During the Q&A section, I followed up on this issue and asked the authors about the criticism that KEI and others have made that the HIF was essentially a voluntary prize fund without open licensing, and that it would undermine generic competition in developing countries. I also noted the decision to rely on price controls to protect consumers was controversial, and ran counter to much of the recent work during the WHO IGWG negotiation (resolutions WHA 60.30 and WHA 61.21), as well as some government proposals, like the Barbados & Bolivia proposals for prizes without exclusive rights, or the UNITAID patent pool.

Professor Hollis, although recognizing that there are advantages to open licensing and generic competition and saying he personally supported the UNITAID patent pool, answered that in his opinion this was not the most important issue when dealing with incentives and that health impact assessment was really the most difficult and important component of their proposal.

During the panel discussion, John Osborn, Member of the United States Advisory Commission on Public Diplomacy and former counsel of a pharmaceutical company (Cephalon, Inc), expressed strong concerns of the viability of the HIF from a business perspective. He asked the authors to consider why the 1983 Orphan Drug Act, which provided 7 years of exclusivity, had disappointing results.

Paul Anthony, speaking for PhRMA, applauded the HIF proposal, emphasizing that it was voluntary and “complementary” to the existing system, while expressing some skepticism on some of the details.

Ruth Levine, Senior Fellow & Vice President for Programs and Operations at the Washington, DC based Center for Global Development mentioned that the proposal was ambitious and potentially transformational and that the economic and moral arguments were powerful but also highlighted the following difficulties:
1. Estimating incremental QALYs and the focus on individual value versus social value.
2. The danger of negatively affecting the health sector with the last mile or delivery aspects of the proposal by shifting the focus from prevention, education and other initiatives to pure drug delivery.

Levin invited everyone to continue considering and working on the AMC model that her group has helped pilot and highlighted that their work on AMCs has shown how difficult is to estimate long-term marginal costs of production because the industry does not know or do not want to share this information.

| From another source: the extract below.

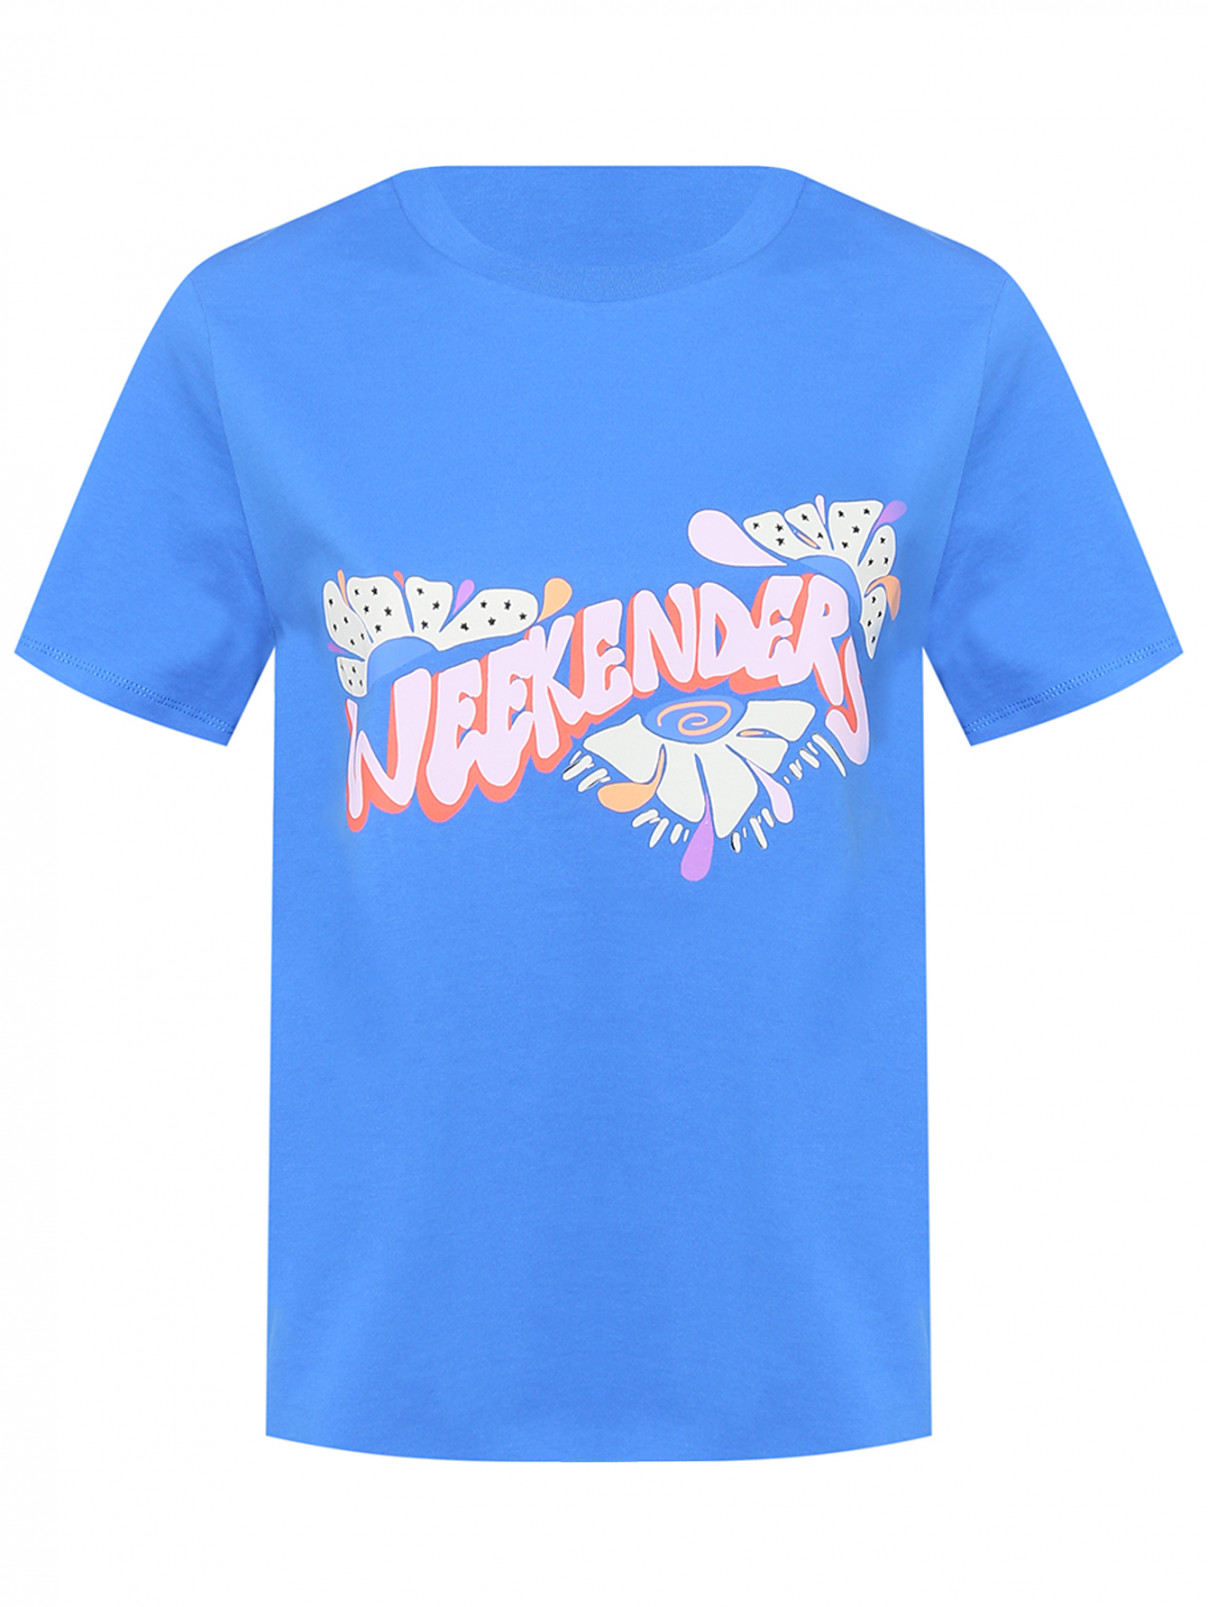 Трикотажная футболка с принтом Weekend Max Mara  –  Общий вид  – Цвет:  Синий

Answering to the question about the difficulties of estimating long term marginal cost of production, professor Hollis explained that they believe a system of accepting tenders by generic producers could allow them to solve this difficulty.

In my opinion, the notion that one could continually invite tenders to produce generic drugs, without actually granting licenses to generic companies, or that a tender at any one moment would reveal longer run costs under efficient manufacturing processes and scale, is not persuasive, to say the least.